Telecom Made Simple: SDP

RTP only carries the voice, and there must be some associated way to signal the codecs which are supported by each end. This is fundamentally a property of signaling, but, unlike call progress messages and advanced PBX features, is tied specifically to the bearer channel.

SIP uses SDP to negotiate codecs and RTP endpoints, including transports, port numbers, and every other aspect necessary to start RTP streams flowing. SDP, defined in RFC 4566, is a text-based protocol, as SIP itself is, for setting up the various legs of media streams. Each line represents a different piece of information, in the format of type = value.

Table 1 shows an example of an SDP description. This description is for a phone at IP address 192.168.0.10, who wishes to receive RTP on UDP port 9000. Let's go through each of the fields.

Type "v" represents the protocol version, which is 0.
Type "o" holds information about the originator of this request, and the session IDs. Specifically, it is divided up into the username, session ID, session version, network type, address type, and address. "7010" happens to be the dialing phone number. The two large numbers afterward are identifiers, to keep the SDP exchanges straight. The "IN" refers to the address being an Internet protocol address; specifically, "IP4" for IPv4, of "192.168.0.10". This is where the originator is.
Type "s" is the session name. The value given here, "A_conversation", is not particularly meaningful.
Type "c" specifies how the originator must be reached at—its connection data. This is a repetition of the IP address and type specifications for the phone.
Type "t" is the timing for the leg of the call. The first "0" represents the start time, and the second represents the end time. Therefore, there is no particular timing bounds for this call.
The "m" line specifies the media needed. In this case, as with most voice calls, there is only one voice stream from the device, so there is only one media line. The next parameters are the media type, port, application, and then the list of RTP types, for RTP. This call is an "audio" call, and the phone will be listening on port 9000. This is a UDP port, because the application is "RTP/AVP", meaning that it is plain RTP. ("AVP" means that this is standard UDP with no encryption. There is an "RTP/SAVP" option, mentioned shortly.) Finally, the RTP formats the phone can take are 0, 8, and 18.
The next three lines are the codecs that are supported in detail. The "a" field specifies an attribute. The "a=rtpmap" attribute means that the sender wants to map RTP packet types to specific codec setups. The line is formatted as packet type, encoded name/bitrate/parameters. In the first line, RTP packet type "0" is mapped to "PCMU" at 8000 samples per second. The default mapping of "0" is already PCM (G.711) with μ-law, so the new information is the sample rate. The second line asks for A-law, mapping it to 8. The third line asks for G.729, asking for 18 as the mapping. Because the phone only listed those three types, those are the only types it supports.
The last line is also an attribute. "a=ptime" is requesting that the other party send 20ms packets. The other party is not required to submit to this request, as it is only a suggestion. However, this is a pretty good sign that the sender of the SDP message will also send at 20ms.

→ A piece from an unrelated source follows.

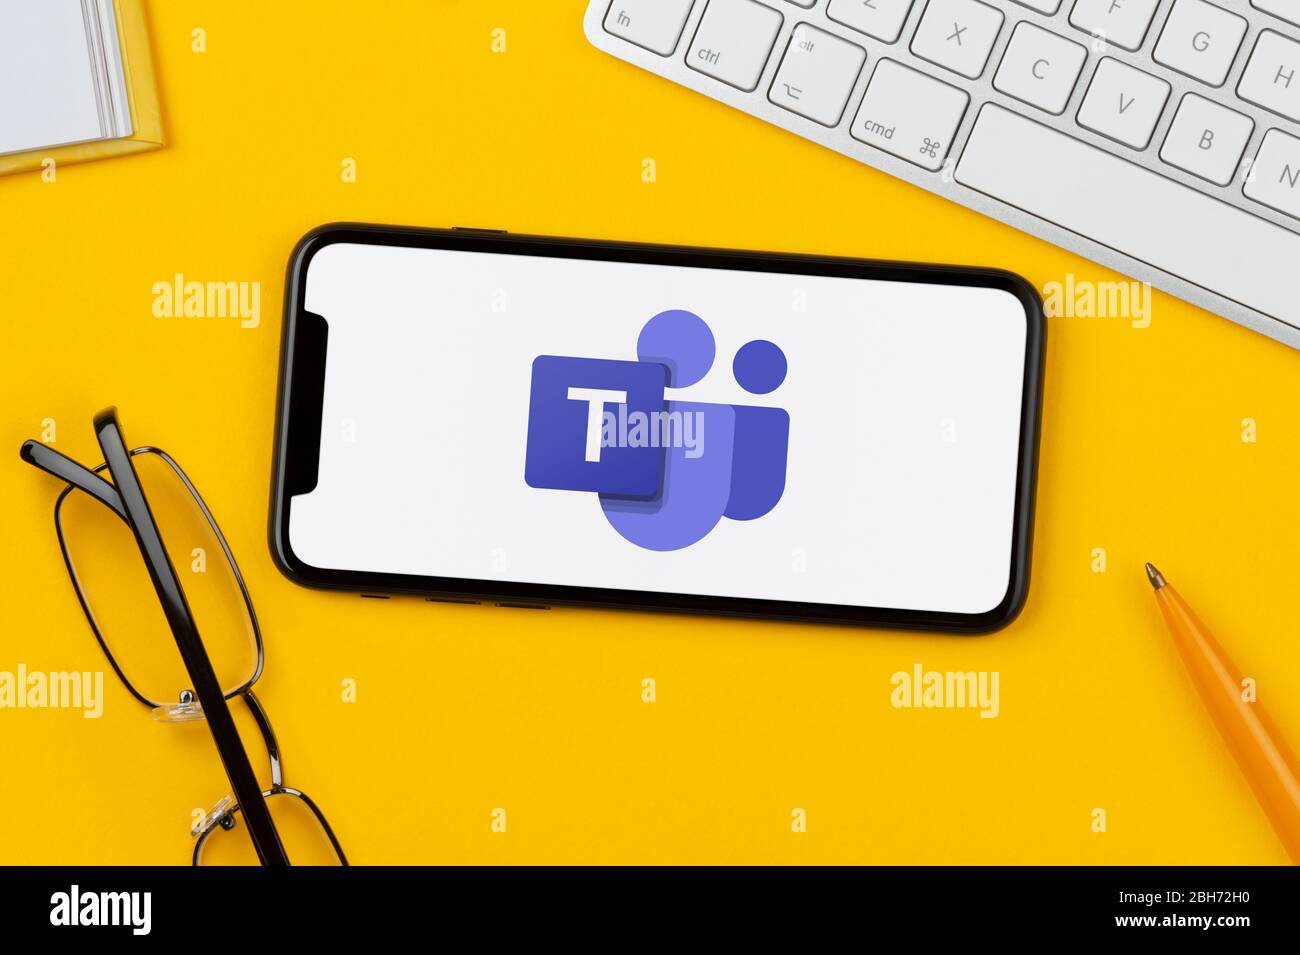 Ein Smartphone mit dem Microsoft Teams Logo liegt auf einem gelben Hintergrund zusammen mit Tastatur, Brille, Stift und Buch (nur für redaktionelle Zwecke). Stockfoto
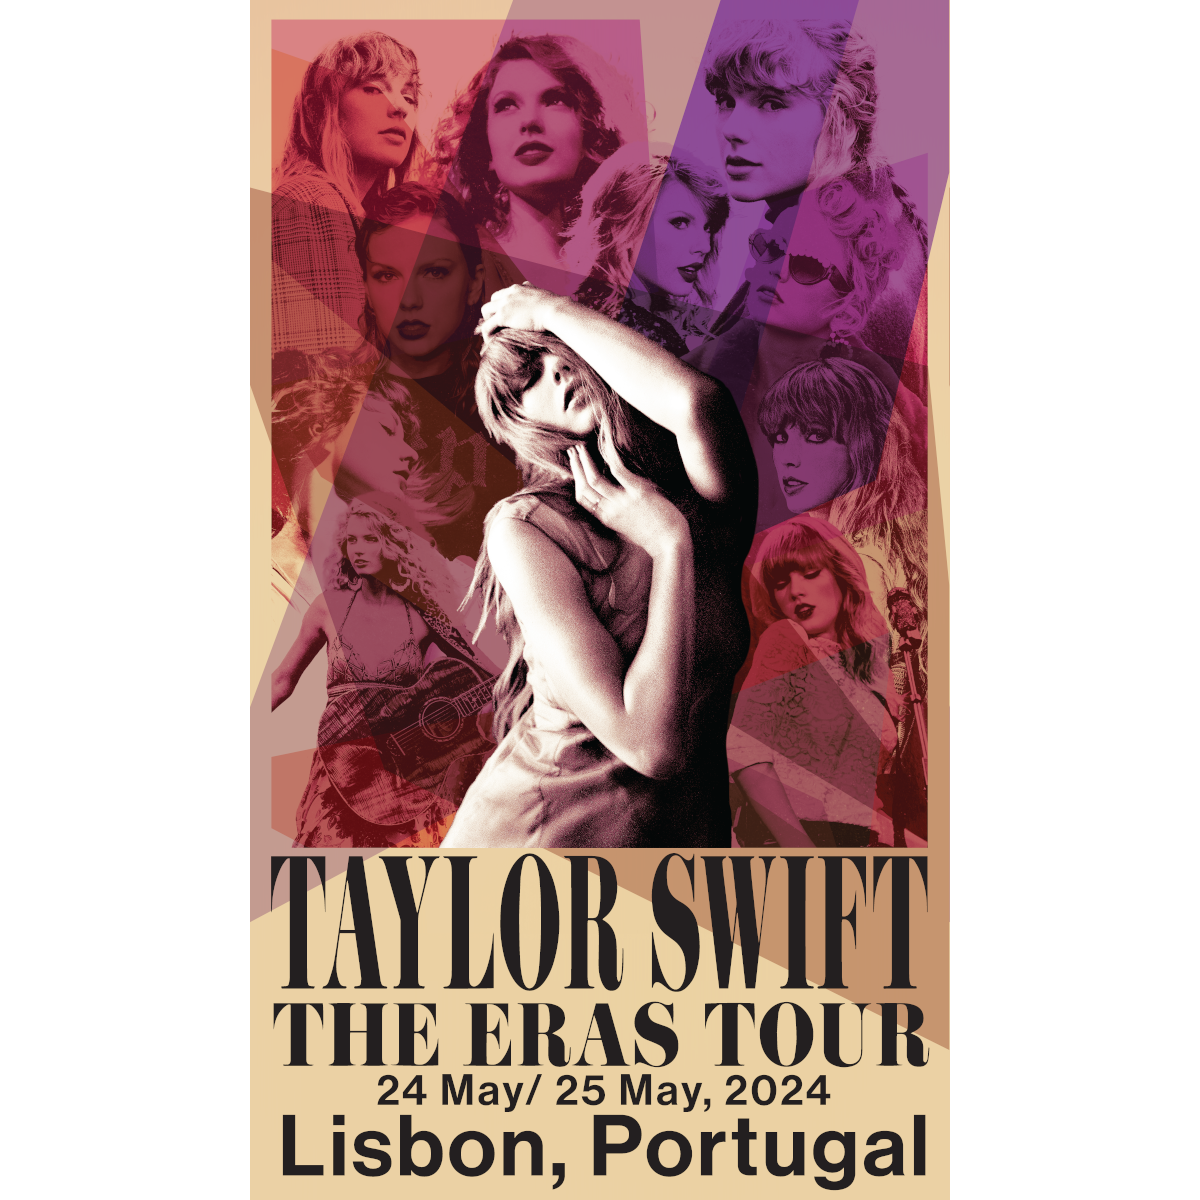 https://images.bravado.de/prod/product-assets/product-asset-data/taylor-swift/taylor-swift/products/507927/web/445329/image-thumb__445329__3000x3000_original/Taylor-Swift-Taylor-Swift-The-Eras-Tour-Lisbon-Portugal-Poster-Poster-mehrfarbig-507927-445329.56e232ec.png

Table 1: Example of an SDP Description
v=0 o=7010 1352822030 1434897705 IN IP4 192.168.0.10 s=A_conversation c=IN IP4 192.168.0.10 t=0 0 m=audio 9000 RTP/AVP 0 8 18 a=rtpmap:0 PCMU/8000/1 a=rtpmap:8 PCMA/8000/1 a=rtpmap:18 G729/8000/1 a=ptime:20

Table 1: Example of an SDP Description

v=0
o=7010 1352822030 1434897705 IN IP4 192.168.0.10
s=A_conversation
c=IN IP4 192.168.0.10
t=0 0
m=audio 9000 RTP/AVP 0 8 18
a=rtpmap:0 PCMU/8000/1
a=rtpmap:8 PCMA/8000/1
a=rtpmap:18 G729/8000/1
a=ptime:20

The setup message in Table 1 was originally given in a SIP INVITE message. The responding SIP OK message from the other party gave its SDP settings.

Table 2 shows this example response. Here, the other party, at IP address 10.0.0.10, wants to receive on UDP port 11690 an RTP stream with the three codecs PCMU, GSM, and PCMA. It can also receive a format known as "telephone-event." This corresponds to the RTP payload format for sending digits while in the middle of a call (RFC 4733). Some codecs, like G.729, can't carry a dialed digit as the usual audio beep, because the beep gets distorted by the codec. Instead, the digits have to be sent over RTP, embedded in the stream. The sender of this SDP is stating that they support it, and would like to be sent in RTP type 101, a dynamic type that the sender was allowed to choose without restriction.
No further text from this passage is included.